New Paradigm for Food Security
The Déjà vu film makes an important contribution to the international dialogue sorely needed, on what are the principles that must be put in practice that will provide a new, just, functional agriculture system, in a new world economic and security architecture. The film does not say positively what these principles are, but induces the viewer to think about them. The film makes clear that the international agro-food complex—like the military-industrial complex—should not be allowed to set policy for food and farming.
What are the essential principles for a sound, fair system of farming? Four points are suggested directly from the film:
1) Independent, family-scale farm operations are the most desirable mode of food production for a nation. Reasons include: commitment to food output, care for resources and the future; commitment to science, technology and education; high-skill level; and care for humanity.
2) Farm families and the rural community need a reliable income. This principle is embodied in the American System “parity” concept of pricing, and in India’s MSP—minimum support price.
3) Infrastructure for farm and rural areas is a must for a nation. This means water provision, defense against disasters, social and medical infrastructure, transportation and power systems, storage and processing, and so on.
4) National sovereignty, and nation-to-nation commitments on food and agriculture are fundamental, and in no way must ever be relinquished to transnational financial/commodity cartels.

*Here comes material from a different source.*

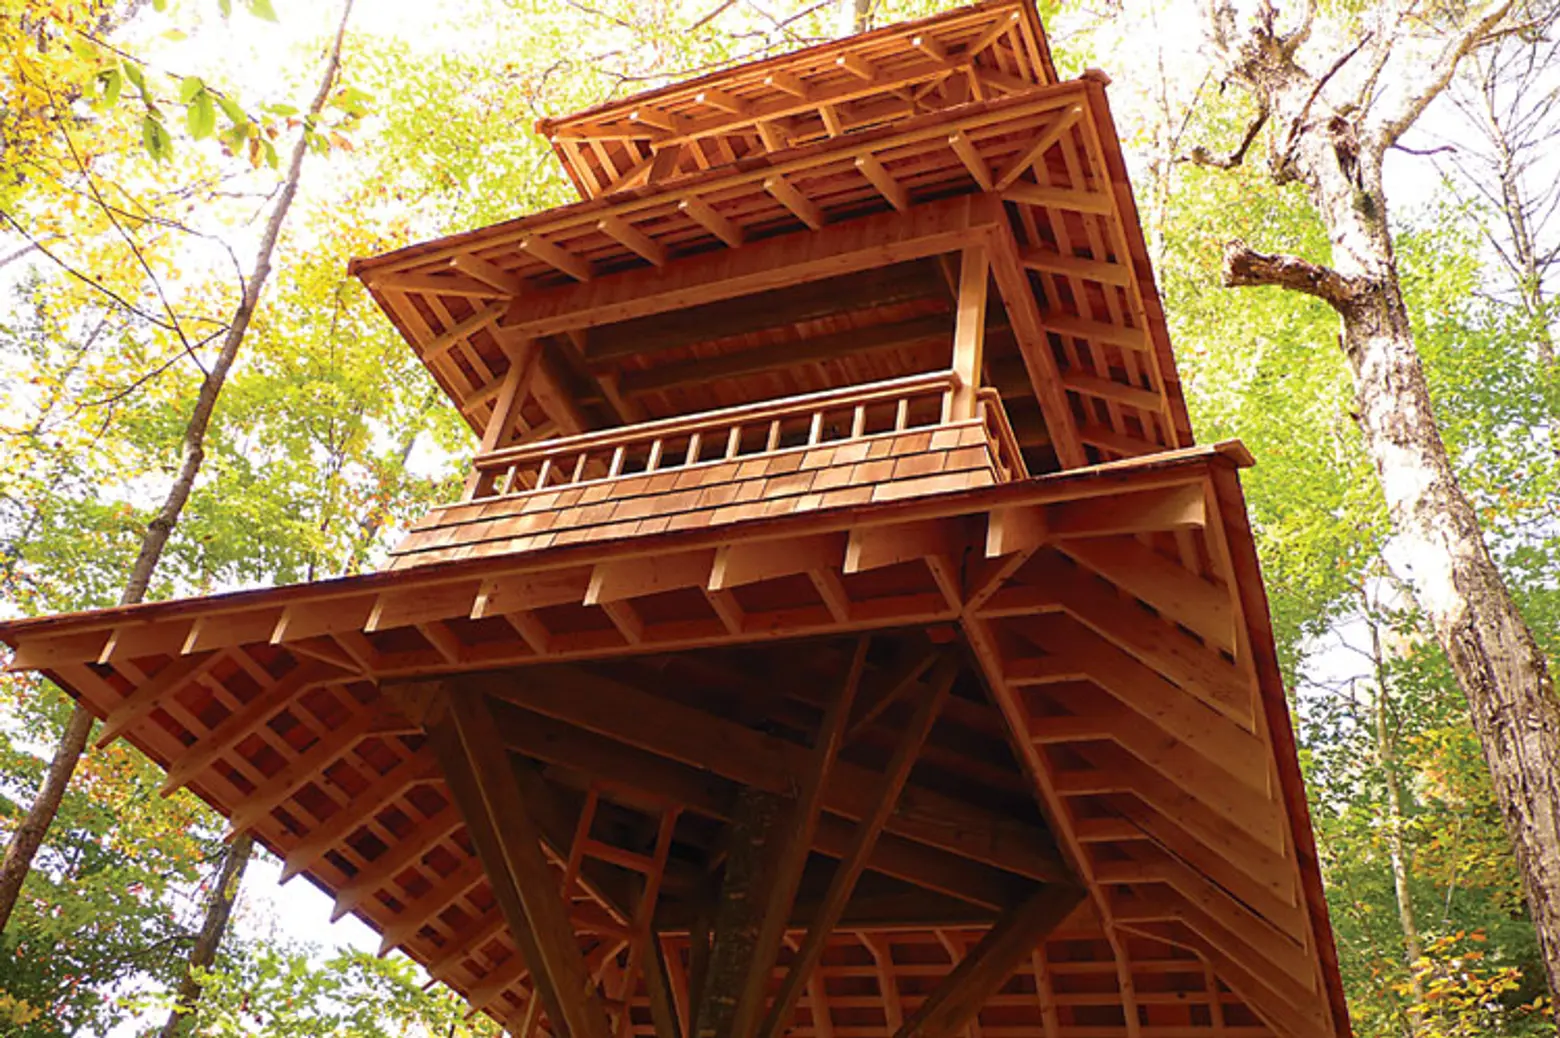 Long Lake Treehouse designed by Luderowski Architect

One farm voice in the film, Mike Callicrate, a cattleman and direct-marketing businessman in Kansas/Colorado, and one of the most respected farm leaders in the United States over the decades, said of the mass protest in India:
I’m just so proud of those farmers. We don’t hardly have enough farmers left in the United States to have a protest. The farmers that we do have are so beholden to the corporate power, and the corporations that are providing their inputs and buying their outputs, they live in fear. They can’t protest for fear of retaliation, which I’ve experienced myself.